Cardápio com história pra contar

Não importa a inspiração, seja ela da vivência ou com influências diversas, o cardápio de um boteco tem que sintetizar uma história. Ao contrário de ser descritivo, o nome de um prato ou petisco deve transmitir uma sensação, do contrário se torna vazio. “No Quermesse, apostamos na curadoria da minha mãe, Karla Manfredini, que com a experiência de 18 anos como chef agregou muito a essa proposta. Junto à cozinheira Tia Anísia, ela compôs um cardápio abrangente e com influência forte regional, justamente para reforçar a marca nos pratos”.

Cerveja de garrafa

Não há discussão: a cerveja é a alma do boteco. Ao redor de uma mesa cheia de garrafas, há a certeza de uma conversa longa, divertida e cheia de história pra contar. “A cerveja de garrafa, não importa o sabor, representa a aproximação de pessoas e descontração”, define Neto. “Temos uma premissa de sempre oferecer, inclusive, um balde de cerveja com bastante gelo. Isso facilita o consumo das pessoas e permite maior agilidade para os garçons atenderem”.

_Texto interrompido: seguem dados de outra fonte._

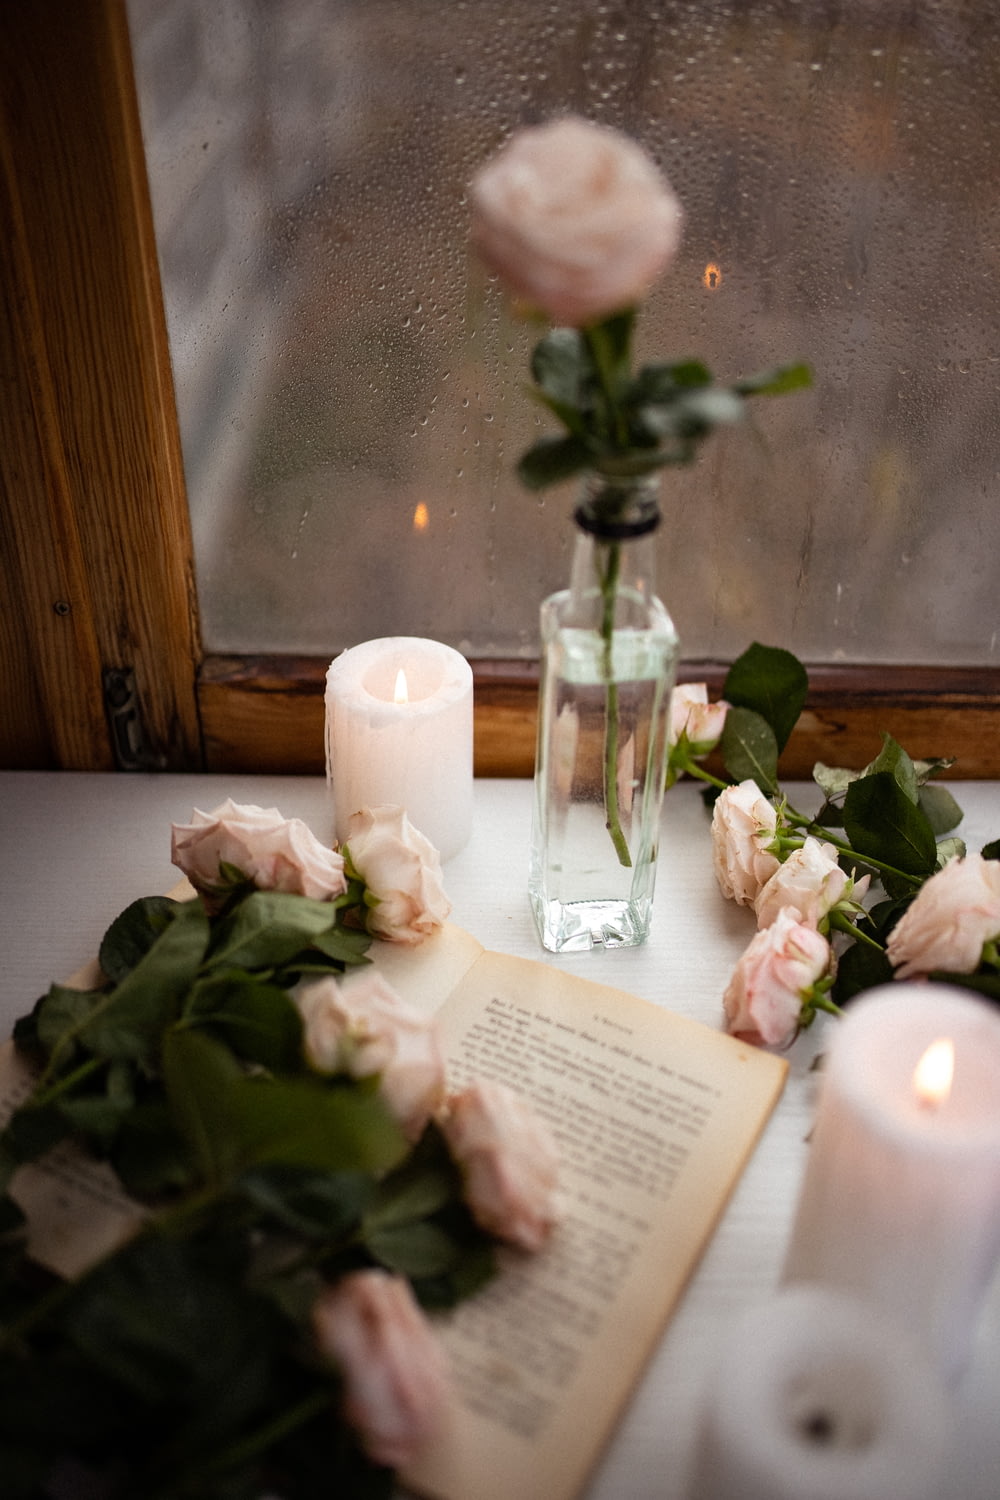 a window sill with roses and a book on it

Petiscos coletivos de qualidade

De que vale beber bem e na hora da fome não ter uma comida de qualidade? Pensando nisso, um boteco clássico tem aquela receita com ingrediente secreto, cujo sabor é especial de lá. A mãe de Neto, Karla Manfredini, fez isso no Quermesse: com a ajuda de Tia Anísia, petiscos como a Carne de Onça, Iscas de Mignon, Frango Mafioso e o Bife Sujo de Alcatra se tornaram marca registrada do espaço. “A ideia do petisco, diferente do prato, é permitir a você comer algo gostoso em um ambiente mais social: levantar da mesa, beliscar o prato e continuar conversando e curtindo um som ambiente”, destaca Neto.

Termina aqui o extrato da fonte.